Question

\A box contains five slips of paper, marked $$\$ 1$$, $$\$ 1$$, $$\$ 1$$, $$\$ 10$$, and $$\$ 25 .$$ The winner of a contest selects two slips of paper at random and then gets the larger of the dollar amounts on the two slips. Define a random variable \(w\) by \(w=\) amount awarded. Determine the probability distribution of \(w\). (Hint: Think of the slips as numbered \(1,2,3,4\), and 5 , so that an outcome of the experiment consists of two of these numbers.)

Short answer

The probability distribution of \(w\) is: \(P(w = 1) = 0.3\), \(P(w = 10) = 0.3\), \(P(w = 25) = 0.4\).

Step-by-step solution

Identify all possible combinations

The task is to select two slips of paper from five slips. Arrange slips in increasing order: \(1,1,1,10,25\). Assume that these correspond to numbers 1 to 5. We can see that it is possible to draw the slips in pairs: \( (1,2), (1,3), (1,4), (1,5), (2,3), (2,4), (2,5), (3,4), (3,5), (4,5)\).

Calculate the maximum prize for each combination

Assign the value of each pair as such: \((1,2) - 1,\(1,3) - 1,\(1,4) - 10,\(1,5) - 25,\(2,3) - 1,\(2,4) - 10,\(2,5) - 25,\(3,4) - 10,\(3,5) - 25,\(4,5) - 25\). There are three possibilities of values \(w\) can take, 1, 10, and 25.

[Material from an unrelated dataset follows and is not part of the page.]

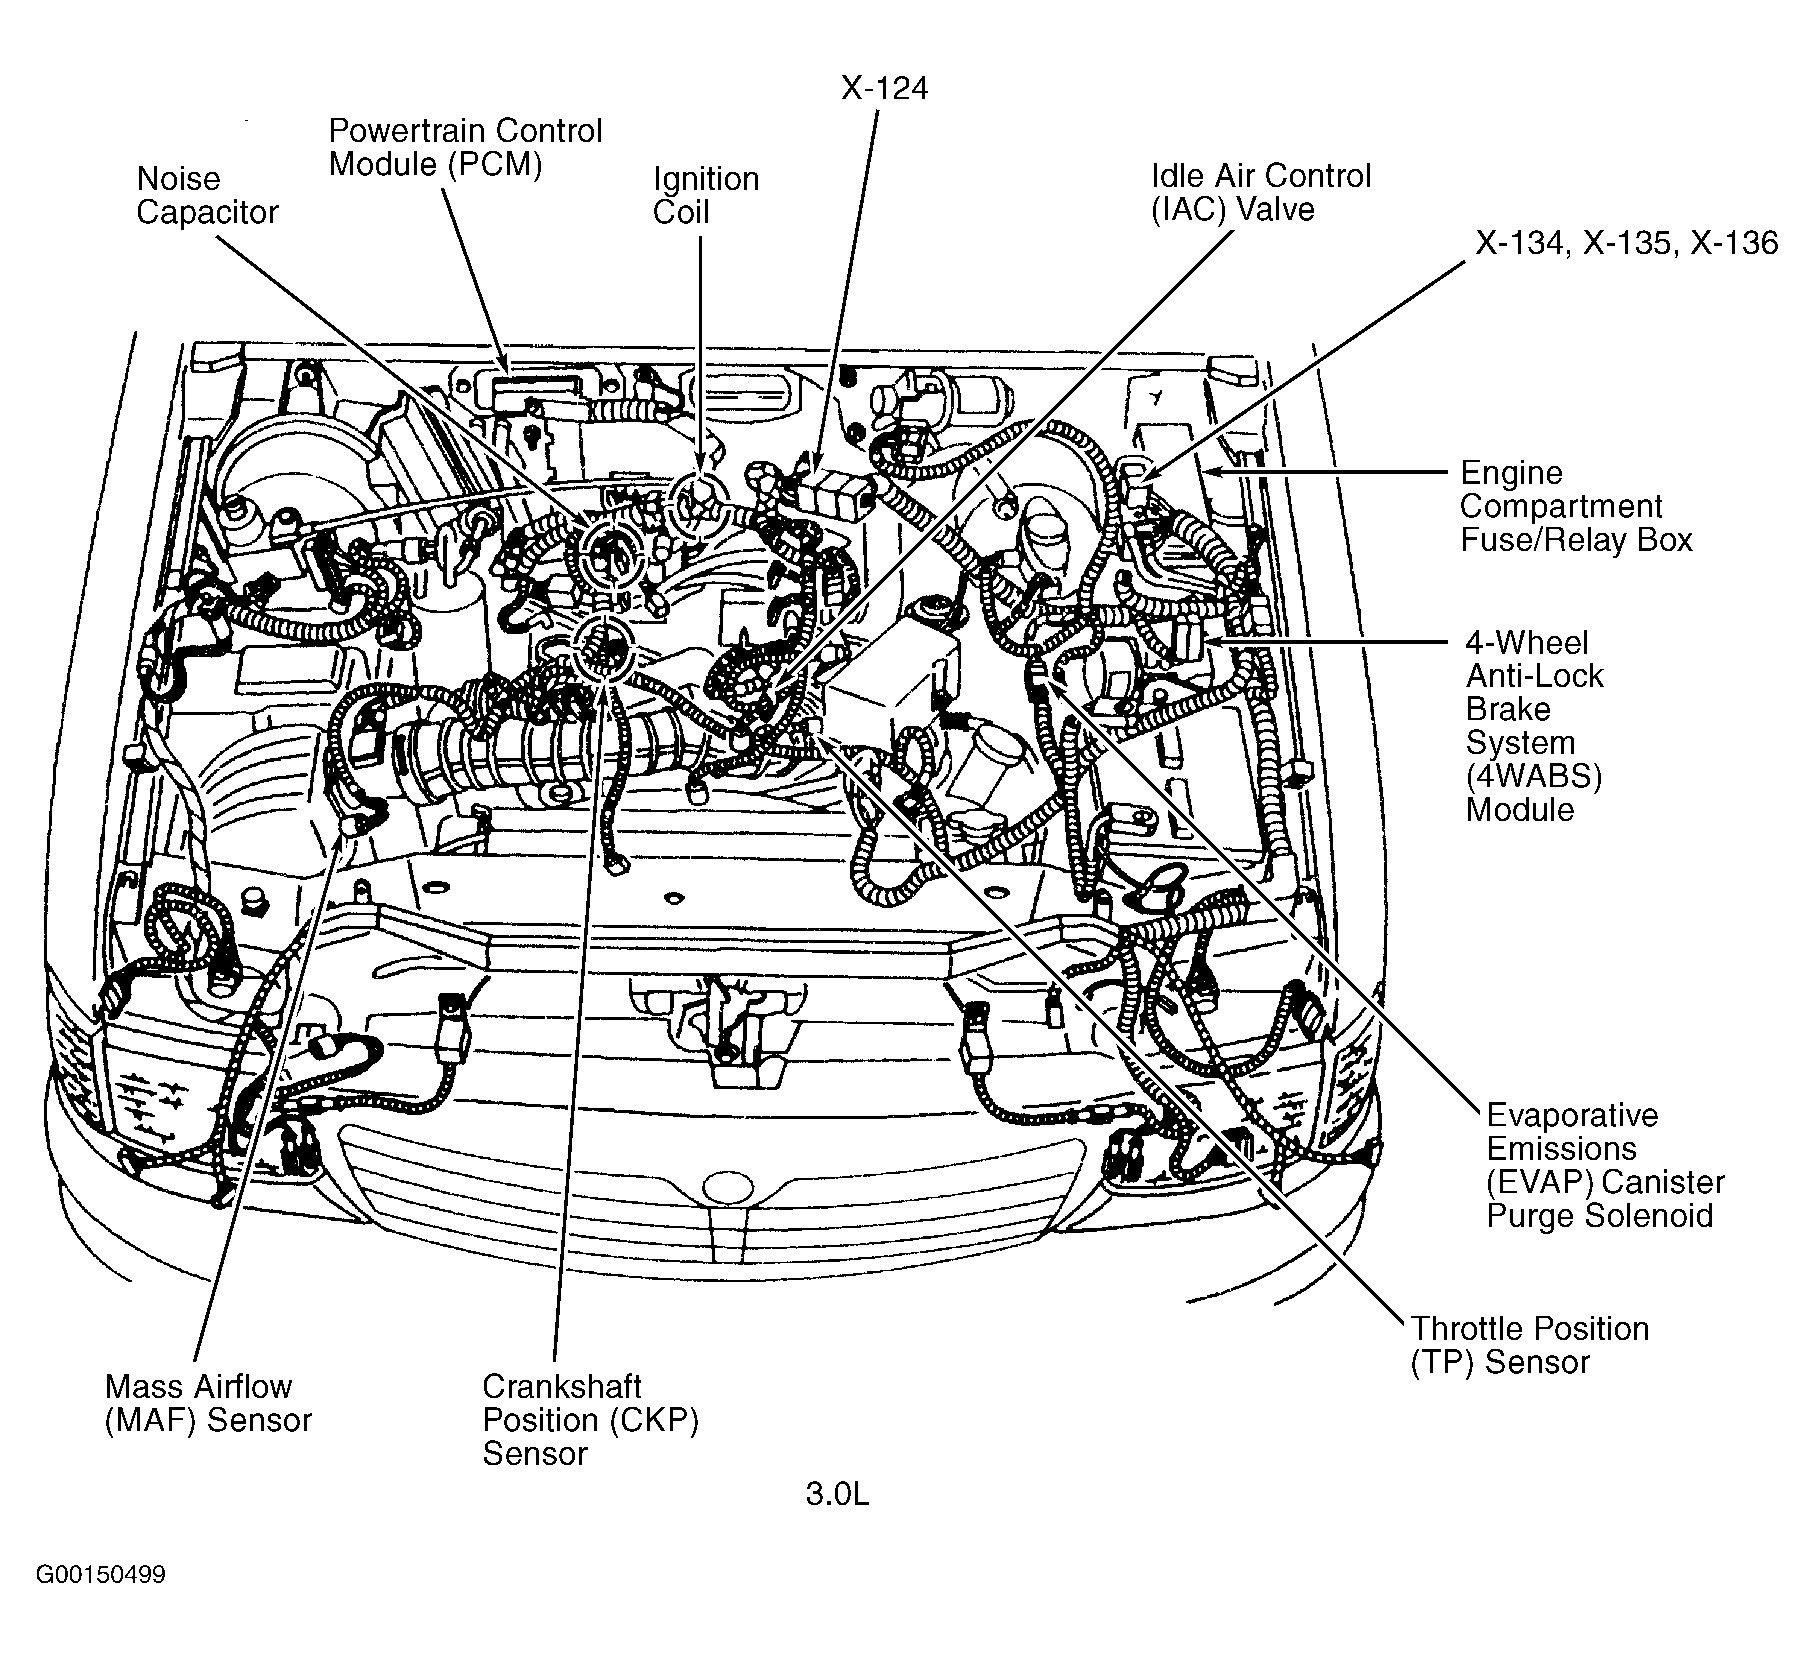 Audi Audi A4 Engine Diagram - Wiring Diagram Data lush-package -  lush-package.caffenerobollente.it | Audi Engine Schematics |  | Caffè nero bollente Caffè nero bollente

Calculate the probability for each case

Now, count the number of times each value occurs. - \(1\) occurs \(3\) times. - \(10\) occurs \(3\) times. - \(25\) occurs \(4\) times. There are a total of \(10\) possible outcomes so the probability for each value of \(w\) is calculated by dividing the number of times it occurs by \(10\). Hence, the probability distribution of \(w\) is - \(P(w = 1) = 3/10\), - \(P(w = 10) = 3/10\), - \(P(w = 25) = 4/10\).

Key concepts

Random Variable

A random variable is a numerical quantity that is assigned to each outcome of a random phenomenon. In our exercise, the random variable is denoted as \(w\), which represents the amount awarded to the winner of the contest based on the slips they select. The role of random variables in probability is crucial because they help us to quantify what we can expect to happen in uncertain situations. For instance, \(w\) in our case can take on any value that the contest rules allow, depending on which two slips are drawn.

When defining a random variable, we need to specify what values it can take and how to associate these values with the outcomes of our random process. For the contest example, there are only three values that \(w\) can assume, which are determined by the highest denomination of the two drawn slips: \$1, \$10, or \$25.

Probability Calculation

To perform a probability calculation, we need to understand how to evaluate the chance of a particular outcome occurring. The basic formula is the number of favorable outcomes divided by the total number of equally possible outcomes. In our exercise, the calculation involves determining the likelihood of each amount being the maximum one drawn.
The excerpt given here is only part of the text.